Work order: After locating the line with "Lamps on the bridge photo", set down that line and all the lines that follow it, unchanged, to the end of the records; omit the pictures.

Input for this task:

———

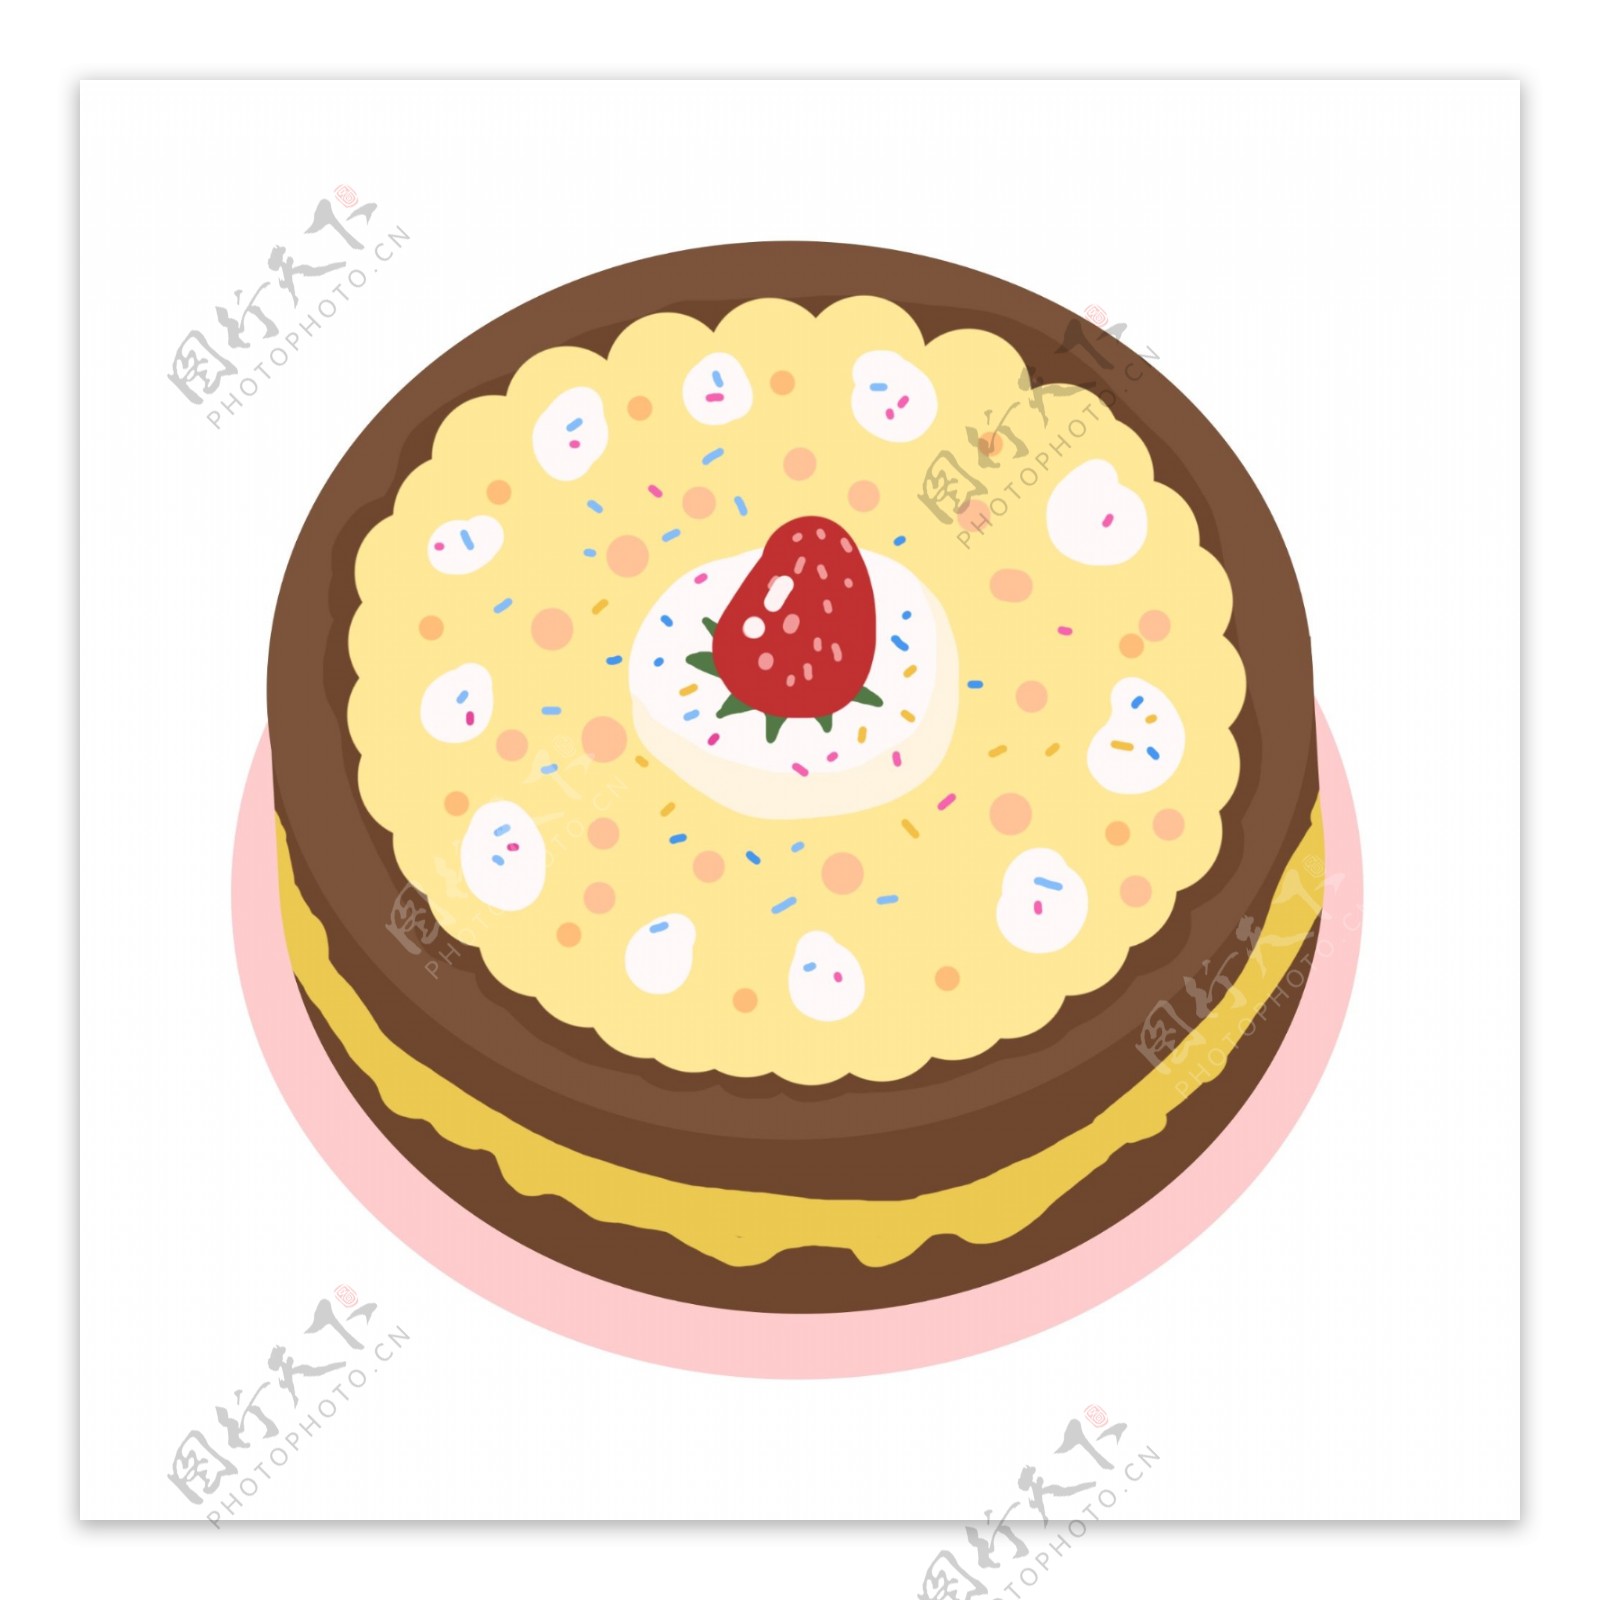 圆形草莓奶油蛋糕
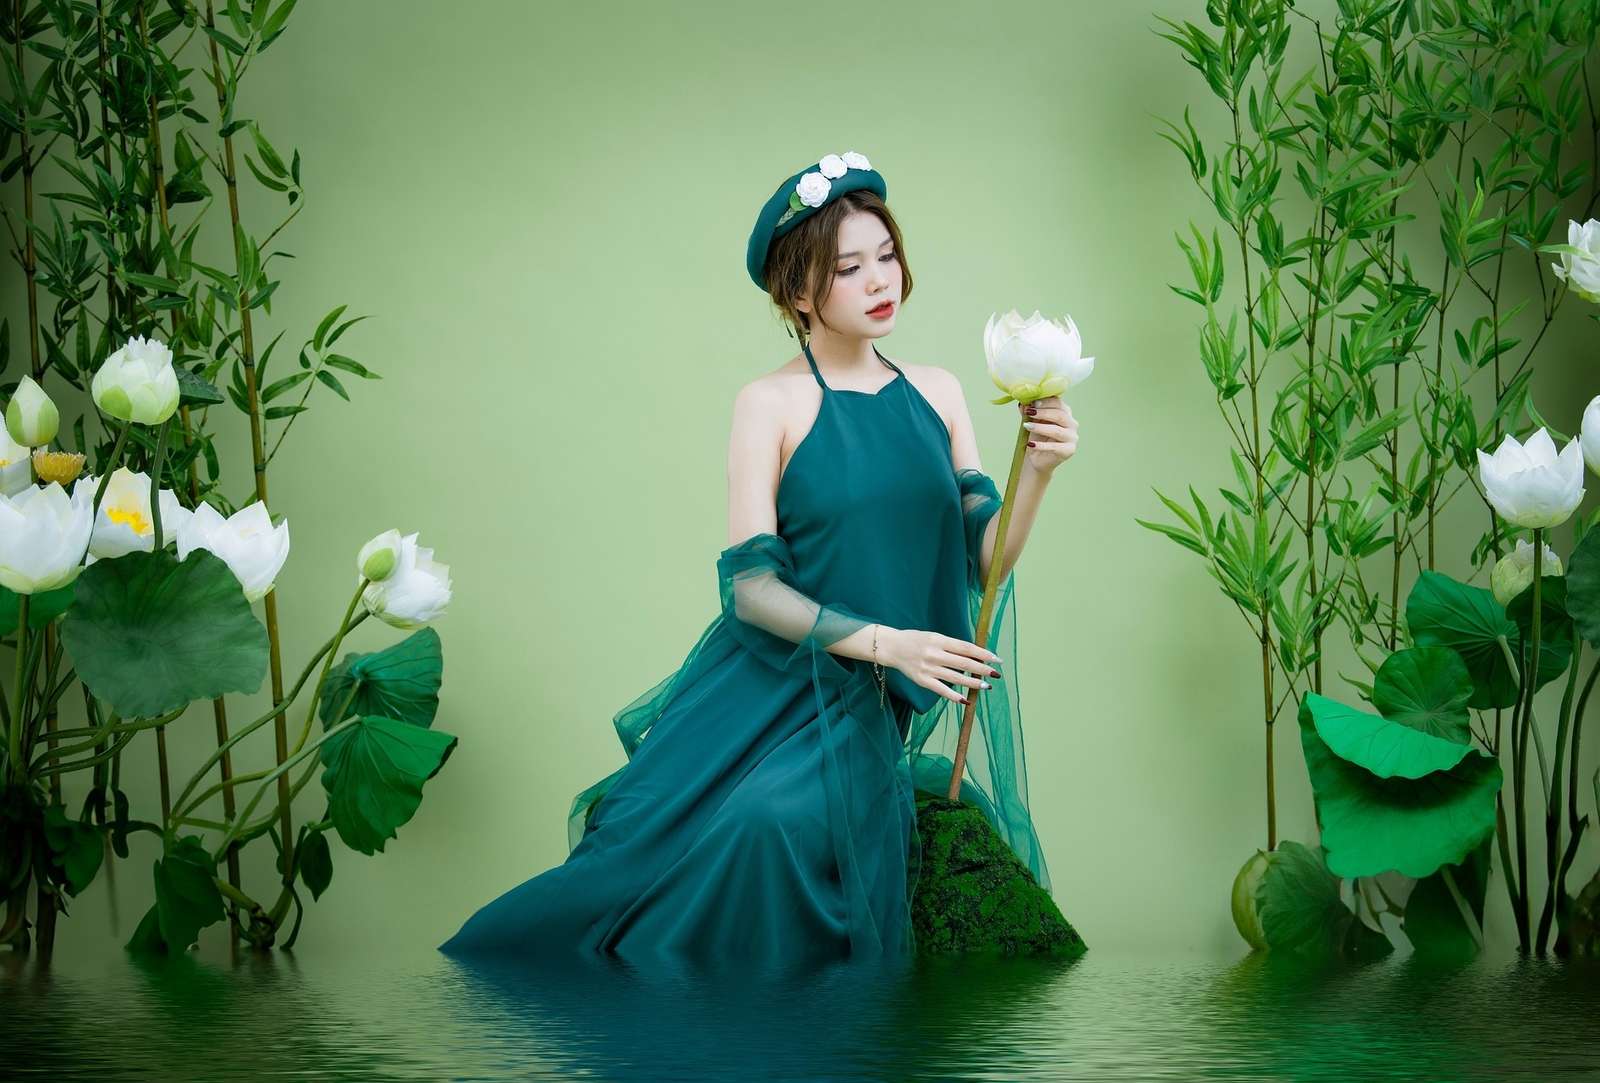 水の中に蓮の花を持つ緑のドレスを着たアジアの女性 ジグソーパズルオンライン
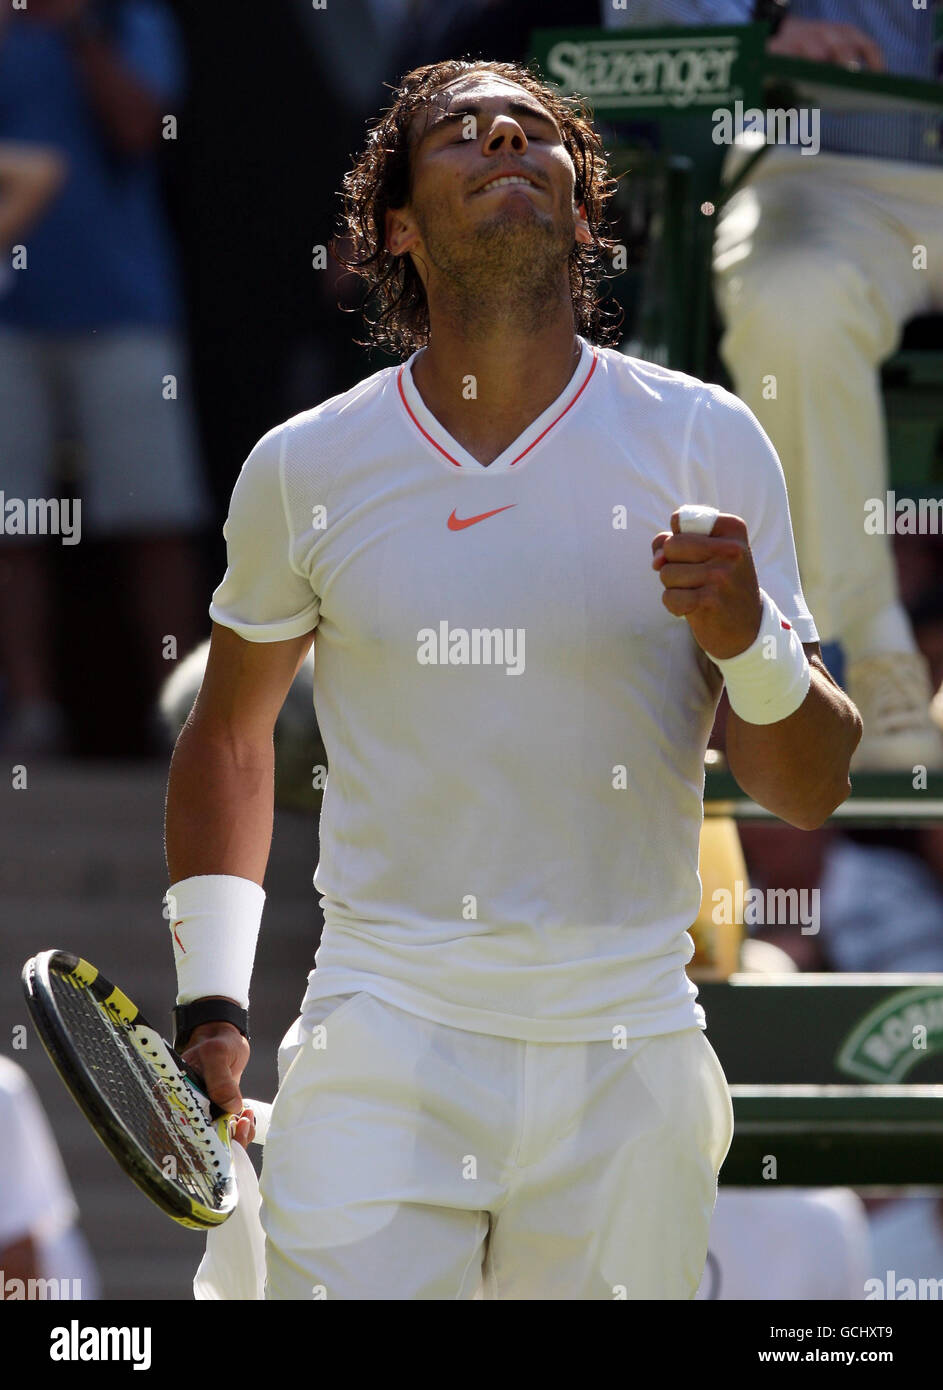 Il spagnolo Rafael Nadal celebra la sua vittoria sul giapponese Kei Nishikori durante il secondo giorno dei Campionati Wimbledon 2010 all'All England Lawn Tennis Club di Wimbledon. Foto Stock
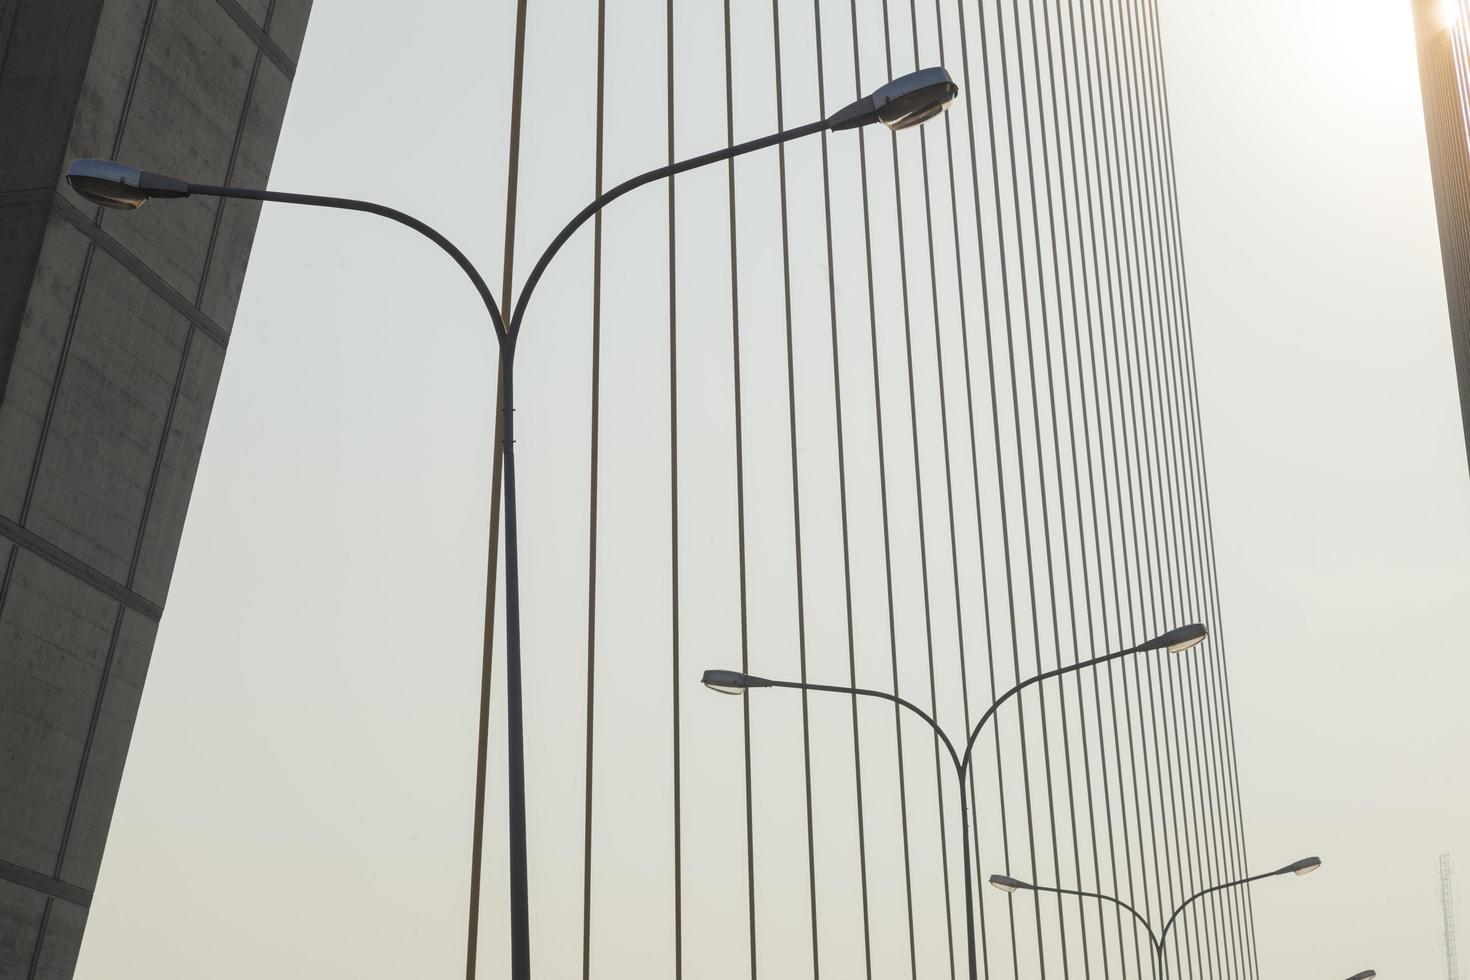 Lamps on the bridge photo
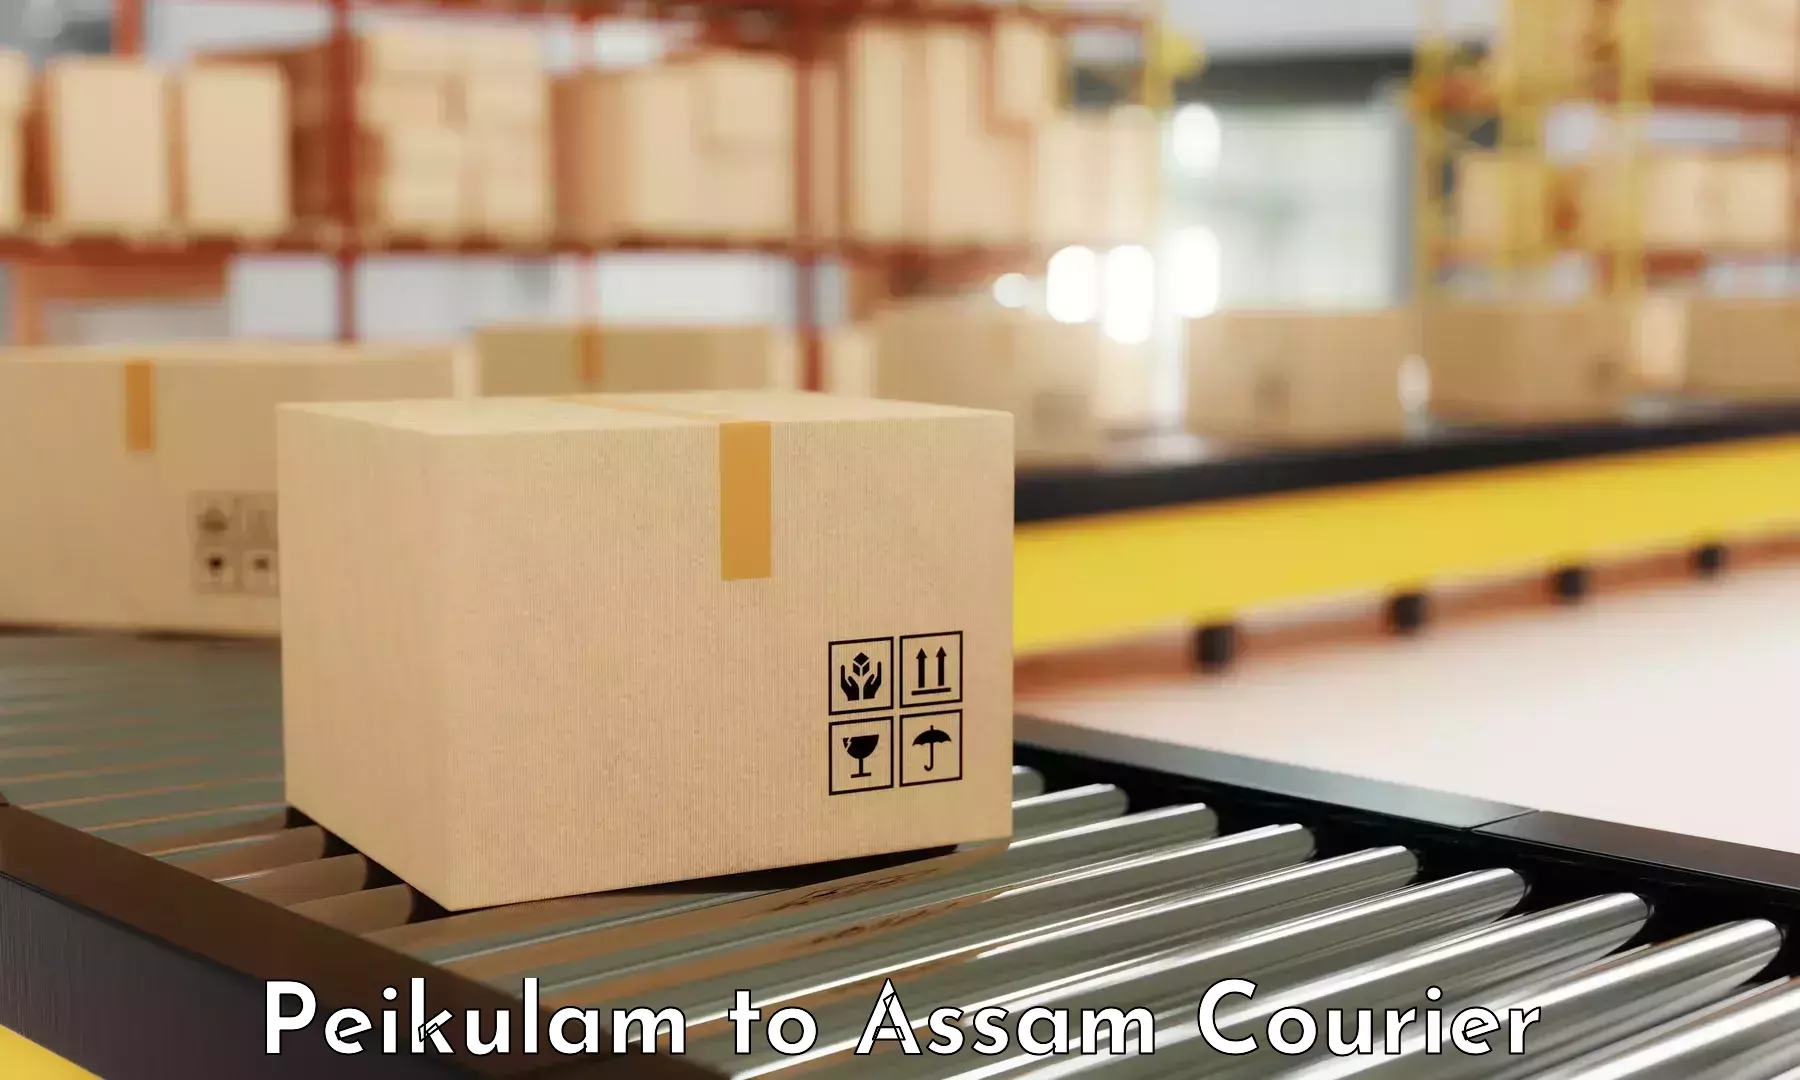 Reliable logistics providers Peikulam to Agomani

———

Task output:
 Lamps on the bridge photo
 Reliable logistics providers Peikulam to Agomani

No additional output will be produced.